▶ Assigned task
Only the lines below from the one containing "Tree Cutting Stock Photos" to the one containing "2 bed flat to" should be repeated, both included and unchanged.

BEGIN Data extract

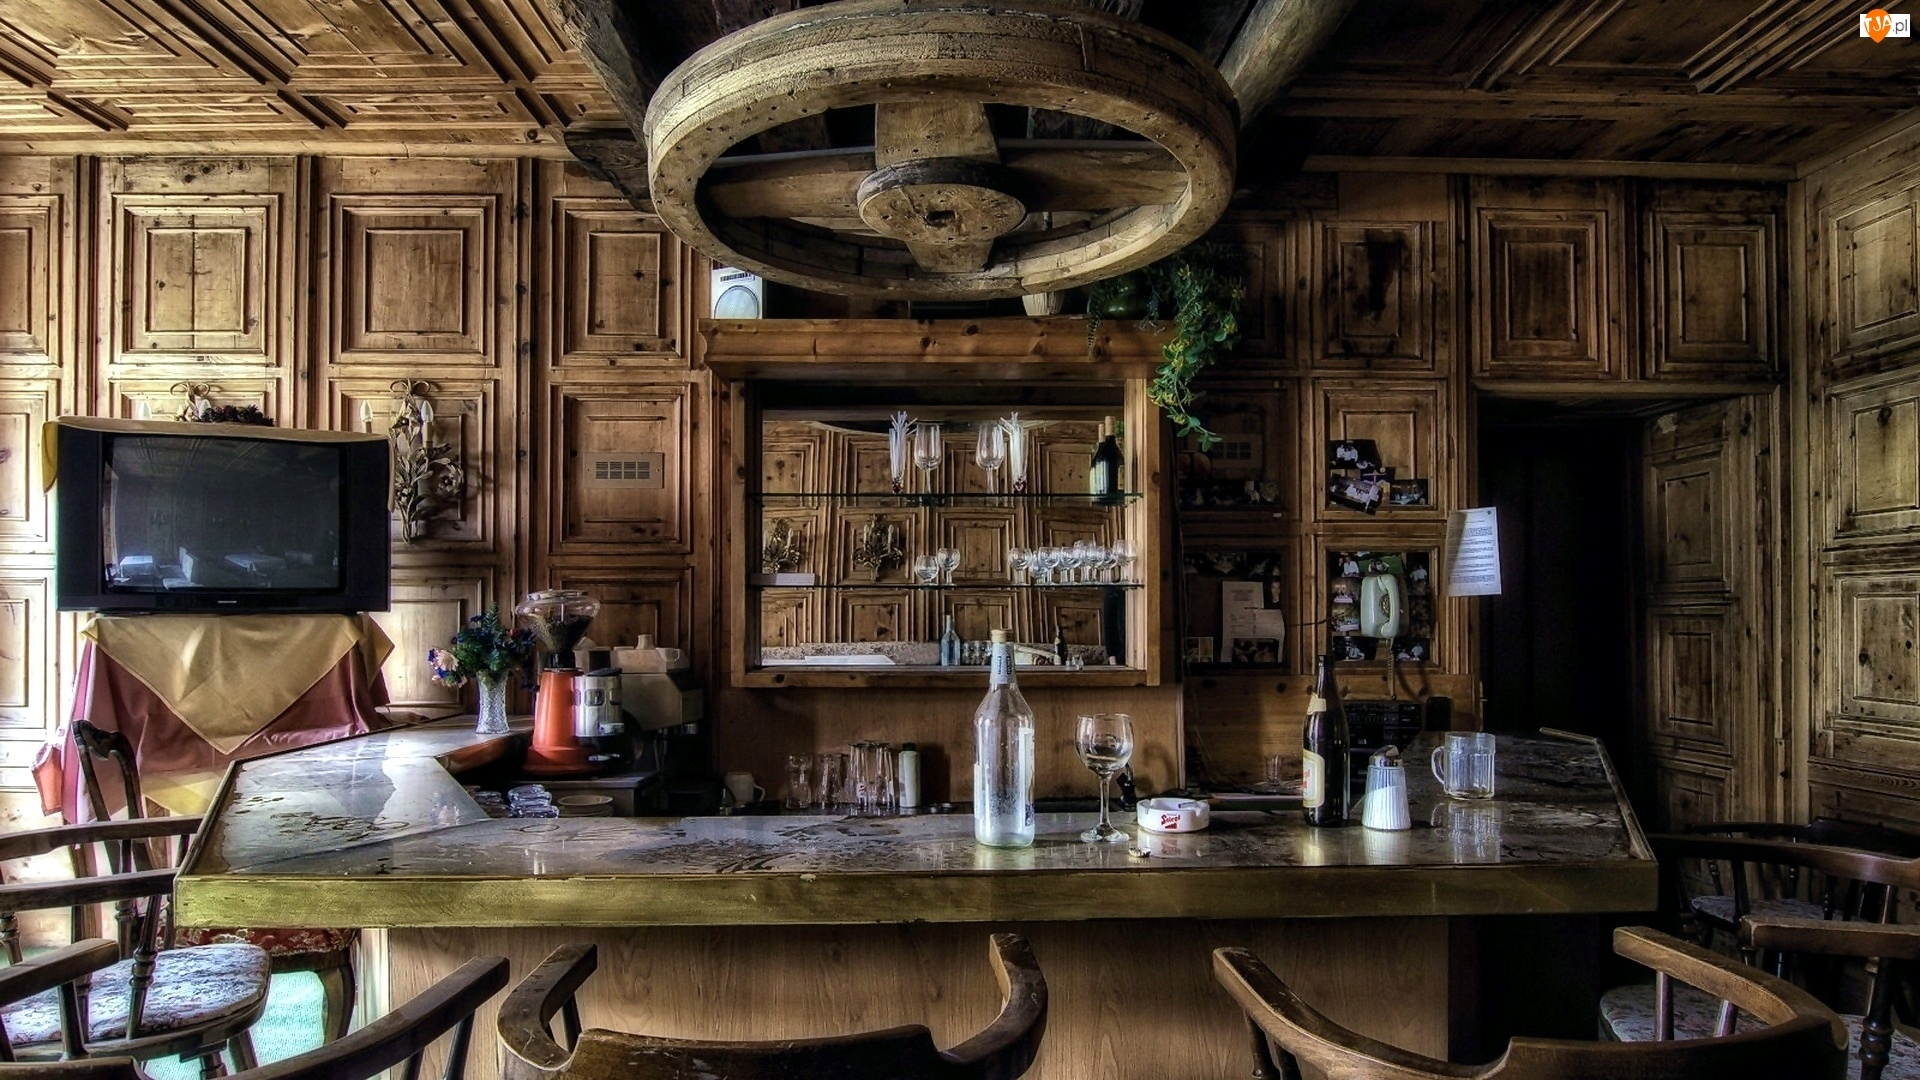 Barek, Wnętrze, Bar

END Data extract
BEGIN Data extract

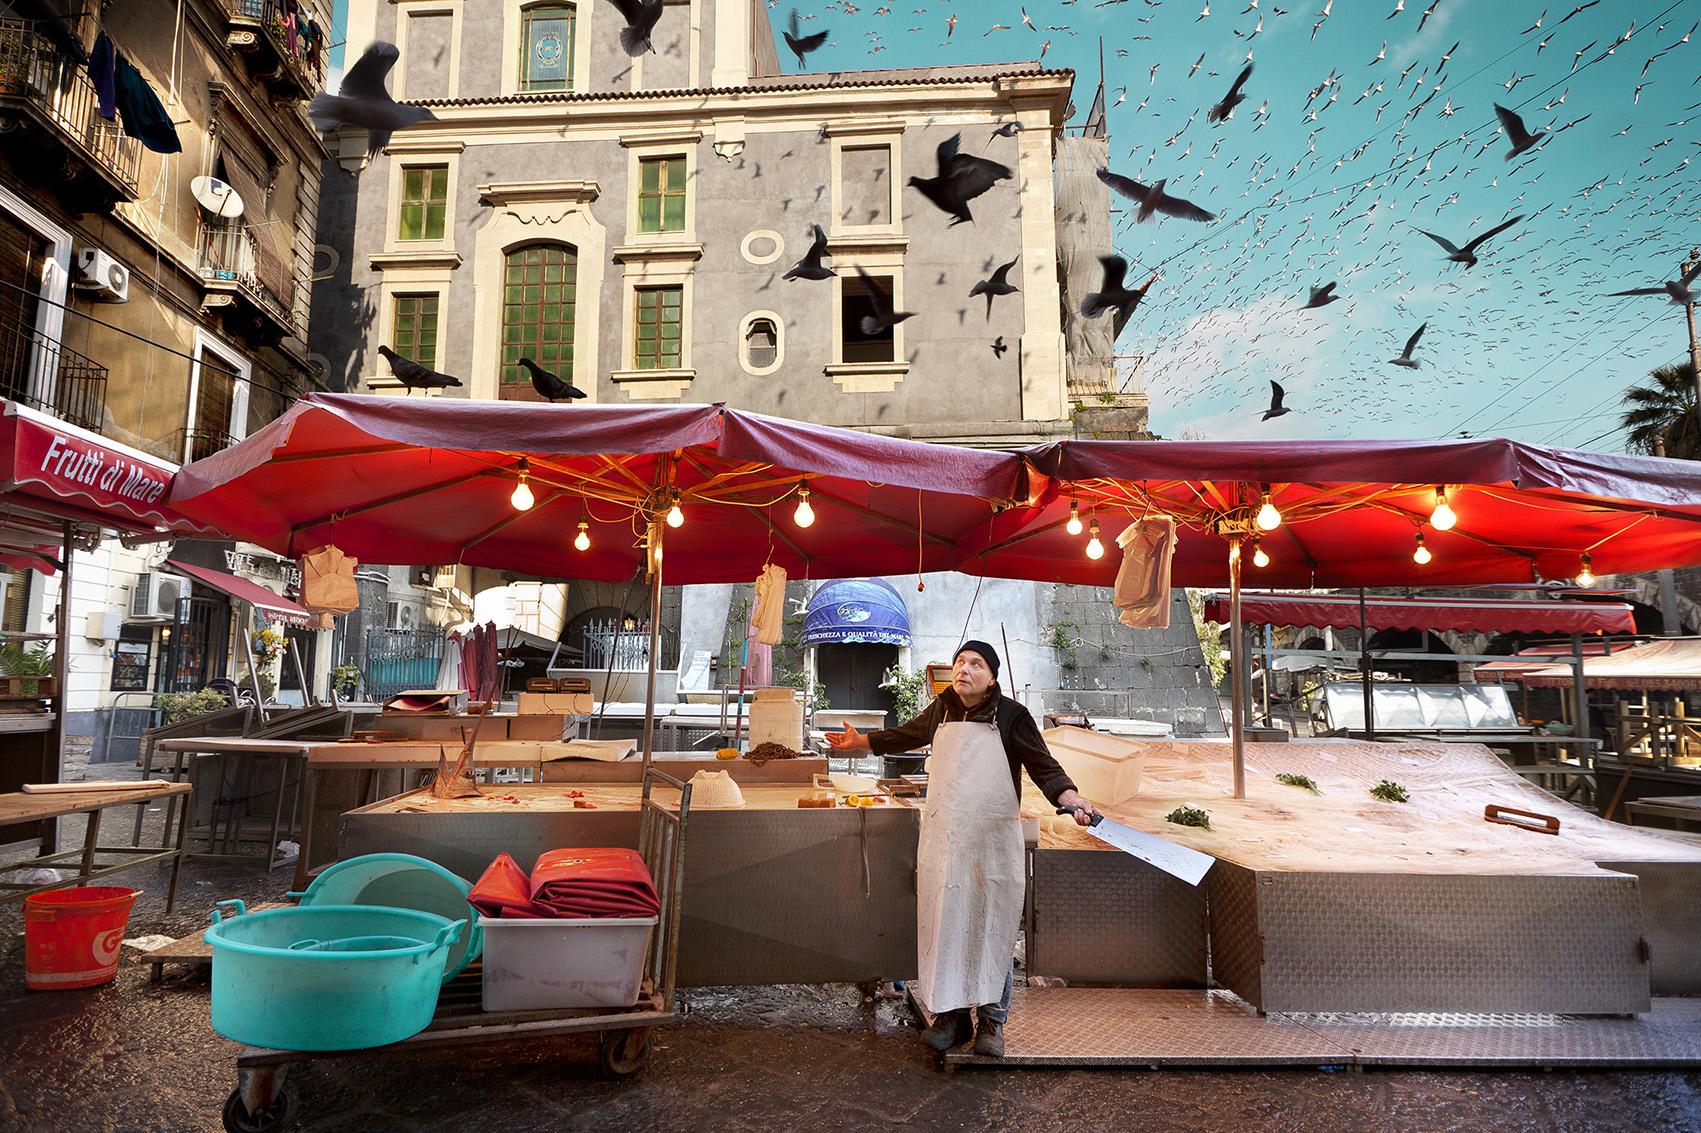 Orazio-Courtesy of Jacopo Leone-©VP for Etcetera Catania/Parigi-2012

END Data extract
BEGIN Data extract

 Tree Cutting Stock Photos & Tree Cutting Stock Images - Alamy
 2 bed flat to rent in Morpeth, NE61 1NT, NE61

END Data extract

▶ Response to the task
 Tree Cutting Stock Photos & Tree Cutting Stock Images - Alamy
 2 bed flat to rent in Morpeth, NE61 1NT, NE61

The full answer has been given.